### [TASK DIRECTIONS]
Repeat each record word for word.

### [Recorded data]
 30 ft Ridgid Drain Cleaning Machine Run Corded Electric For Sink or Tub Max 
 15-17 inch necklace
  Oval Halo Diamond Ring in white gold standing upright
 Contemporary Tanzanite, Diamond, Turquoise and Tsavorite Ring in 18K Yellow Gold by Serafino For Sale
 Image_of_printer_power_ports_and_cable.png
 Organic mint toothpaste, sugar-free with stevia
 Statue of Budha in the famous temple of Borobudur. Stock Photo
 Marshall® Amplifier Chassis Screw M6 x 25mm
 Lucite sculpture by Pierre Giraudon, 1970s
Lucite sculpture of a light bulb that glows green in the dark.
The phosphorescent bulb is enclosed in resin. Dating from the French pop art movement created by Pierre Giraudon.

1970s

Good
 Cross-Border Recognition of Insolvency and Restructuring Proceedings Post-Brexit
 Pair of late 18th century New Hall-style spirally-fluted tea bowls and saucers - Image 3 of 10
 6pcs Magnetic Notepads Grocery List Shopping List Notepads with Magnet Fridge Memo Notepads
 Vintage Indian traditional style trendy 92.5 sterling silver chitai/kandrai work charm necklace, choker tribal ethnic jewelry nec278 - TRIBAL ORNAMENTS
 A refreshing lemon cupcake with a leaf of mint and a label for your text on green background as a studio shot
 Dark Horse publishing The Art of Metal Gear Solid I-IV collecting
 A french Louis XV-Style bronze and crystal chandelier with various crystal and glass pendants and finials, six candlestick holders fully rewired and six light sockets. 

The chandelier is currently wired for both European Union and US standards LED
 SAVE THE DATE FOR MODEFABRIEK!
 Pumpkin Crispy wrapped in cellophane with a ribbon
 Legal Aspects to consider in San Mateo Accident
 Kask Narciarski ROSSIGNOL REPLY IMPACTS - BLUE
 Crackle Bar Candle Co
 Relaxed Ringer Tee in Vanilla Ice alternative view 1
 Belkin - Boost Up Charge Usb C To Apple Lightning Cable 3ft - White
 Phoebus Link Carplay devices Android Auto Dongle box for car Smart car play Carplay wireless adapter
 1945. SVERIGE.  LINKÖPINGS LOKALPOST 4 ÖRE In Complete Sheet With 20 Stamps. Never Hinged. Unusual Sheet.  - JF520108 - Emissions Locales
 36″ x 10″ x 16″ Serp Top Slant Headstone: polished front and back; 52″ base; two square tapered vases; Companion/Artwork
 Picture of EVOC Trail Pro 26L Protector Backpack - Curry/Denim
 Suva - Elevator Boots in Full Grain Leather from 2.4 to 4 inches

### [RESPONSE TO THE EXERCISE]
 30 ft Ridgid Drain Cleaning Machine Run Corded Electric For Sink or Tub Max 
 15-17 inch necklace
  Oval Halo Diamond Ring in white gold standing upright
 Contemporary Tanzanite, Diamond, Turquoise and Tsavorite Ring in 18K Yellow Gold by Serafino For Sale
 Image_of_printer_power_ports_and_cable.png
 Organic mint toothpaste, sugar-free with stevia
 Statue of Budha in the famous temple of Borobudur. Stock Photo
 Marshall® Amplifier Chassis Screw M6 x 25mm
 Lucite sculpture by Pierre Giraudon, 1970s
Lucite sculpture of a light bulb that glows green in the dark.
The phosphorescent bulb is enclosed in resin. Dating from the French pop art movement created by Pierre Giraudon.

1970s

Good
 Cross-Border Recognition of Insolvency and Restructuring Proceedings Post-Brexit
 Pair of late 18th century New Hall-style spirally-fluted tea bowls and saucers - Image 3 of 10
 6pcs Magnetic Notepads Grocery List Shopping List Notepads with Magnet Fridge Memo Notepads
 Vintage Indian traditional style trendy 92.5 sterling silver chitai/kandrai work charm necklace, choker tribal ethnic jewelry nec278 - TRIBAL ORNAMENTS
 A refreshing lemon cupcake with a leaf of mint and a label for your text on green background as a studio shot
 Dark Horse publishing The Art of Metal Gear Solid I-IV collecting
 A french Louis XV-Style bronze and crystal chandelier with various crystal and glass pendants and finials, six candlestick holders fully rewired and six light sockets. 

The chandelier is currently wired for both European Union and US standards LED
 SAVE THE DATE FOR MODEFABRIEK!
 Pumpkin Crispy wrapped in cellophane with a ribbon
 Legal Aspects to consider in San Mateo Accident
 Kask Narciarski ROSSIGNOL REPLY IMPACTS - BLUE
 Crackle Bar Candle Co
 Relaxed Ringer Tee in Vanilla Ice alternative view 1
 Belkin - Boost Up Charge Usb C To Apple Lightning Cable 3ft - White
 Phoebus Link Carplay devices Android Auto Dongle box for car Smart car play Carplay wireless adapter
 1945. SVERIGE.  LINKÖPINGS LOKALPOST 4 ÖRE In Complete Sheet With 20 Stamps. Never Hinged. Unusual Sheet.  - JF520108 - Emissions Locales
 36″ x 10″ x 16″ Serp Top Slant Headstone: polished front and back; 52″ base; two square tapered vases; Companion/Artwork
 Picture of EVOC Trail Pro 26L Protector Backpack - Curry/Denim
 Suva - Elevator Boots in Full Grain Leather from 2.4 to 4 inches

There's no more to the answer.